FhGFS: A Fast and Scalable Parallel Filesystem

Article Index

Performance

When it comes to performance, FhGFS benefits from an early stage design decision to focus solely on HPC applications. Continuous internal benchmarks as well as participation in public test settings make sure there is no deviation from this path. With an extremely wide variety of test metrics it is difficult to identify the important ones. A survey of the DICE program, asking HPC data center representatives about the most important metrics for performance aspects, gives much needed input in this area. Of the respondents, 77.8 percent ranked bandwidth number one, followed by metadata operations. Hence, these are the metrics on which the FhGFS team is focused.

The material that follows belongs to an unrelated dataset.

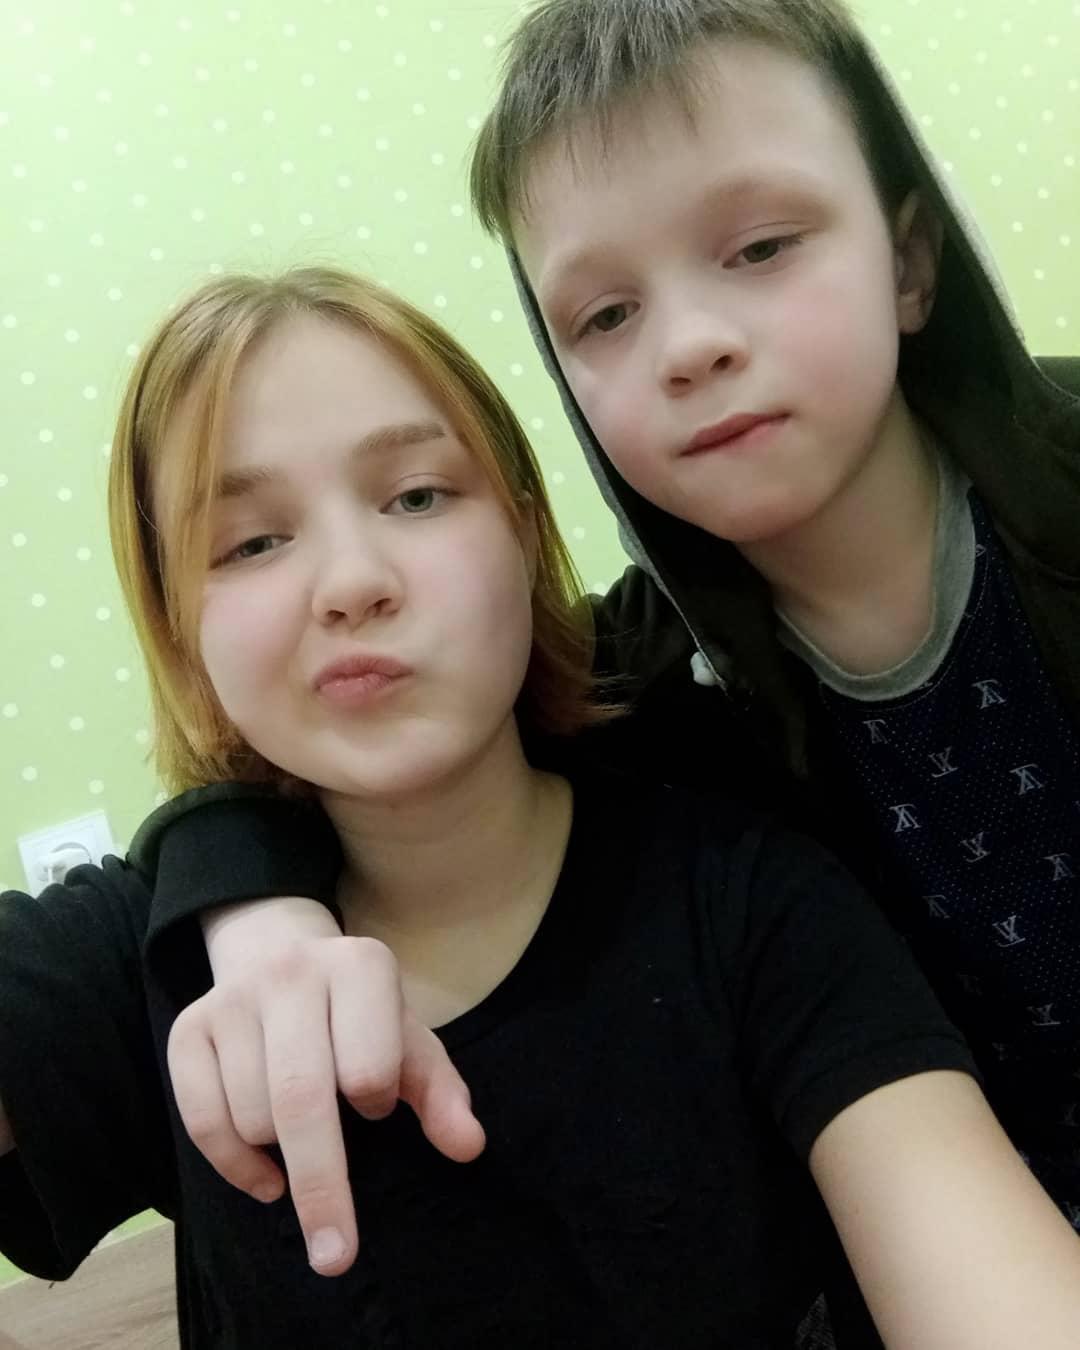 rövidlátás egy 14 éves fiúban)

Benchmarks in Figures Three and Four were performed using FhGFS 2012.10-beta1 on the Fraunhofer Seislab cluster (20 Servers for Storage and Metadata (2x Intel Xeon X5660 @ 2.8 GHz, 48 GB RAM, 4x Intel 510 Series SSD (RAID 0), Ext4, QDR Infiniband, Scientific Linux 6.3; Kernel 2.6.32-279). Single node performance on the local file system without FhGFS in the Seislab cluster is 1,332 MB/s (write) and 1,317 MB/s (read), i.e. the theoretical maximum for 20 servers would be 26,640 MB/s (write) and 26,340 MB/s (read). The sequential read/write on up to 20 servers with 160 client processes shows, that FhGFS achieves a sustained performance of 94.7% for writes and 94.1% for reads.


Figure Three: FhGFS sequential read/write performance

For the metadata operations benchmark, up to 20 servers and up to 160 client processes were used. The results illustrate that more than 500,000 files could be created per second, i.e. creation of 1 billion files would take about half an hour.


Figure Four: FhGFS metadata file creation performance

Besides the internal benchmarks, participation in public test settings have shown both the ability of FhGFS to saturate network connections and demonstrate other advantages over various parallel file systems available to the HPC community. One such test setting is the "100GBit Testbed" between the German Technical Universities of Freiberg and Dresden in 2011. The physical distance between their data centers is about 37 miles (60km) and a 100GBit connection was established between them. In a second step, the length of the connecting fabric was increased to 250 miles (400km), allowing long distance test runs. Figure Five shows an overview of the hardware settings with the data centers at each university, HP storage servers, a DDN storage system and the 100GBit network interconnect between them.


Figure Five: FhGFS configuration over the "100GBit Testbed" between two sites. © 2013 Michael Kluge, TU Dresden

in addition to other tests (video, etc), performance of several parallel file systems was tested in this setting. GPFS, Lustre and FhGFS took part in this test, each with full tuning-support from the respective supplier. [Note: the following reflects a clarification from the original article.] FhGFS showed excellent performance values, both for bi-directional and uni-directional streaming throughput and was fastest on the 250 miles track. Table 1 shows the results of the tests for FhGFS in percentages of the theoretical peak performance. Further information to the 100GBit Testbed can be found from the TU Dresden.

File SystemUni-DirectionalBi-Directional
FhGFS99.2% @ 250 miles89,6% @ 250 miles

Table 1: 100GBit Testbed Results. Theoretical peak: 12.5GB/s uni-, 25GB/s bi-directional

FhGFS On-demand: A Use Case

Fraunhofer Seislab was designed to take advantage of 2 storage tiers: 100 TB main storage on SATA-HDDs and 1TB local storage per node on SSDs. For each cluster job submitted to the batch system, in this case the Torque Resource Manager, a dedicated on-demand FhGFS is created from the local node storage (those nodes belonging to the submitted job). Calculations on temporary data can use this fast and "local" FhGFS and only final results need to go to the slower main storage.

This approach yields significant performance gains. To prove this concept, a Fraunhofer implementation of mergesort for large seismic datasets that do not fit into memory was slightly adjusted to make use of the fast local filesystem. The algorithm is mostly I/O bound. Instead of writing intermediate results to the main storage, they were written into the local FhGFS and the speed of the mergesort for a 5TB sized file improved by up by a factor of two.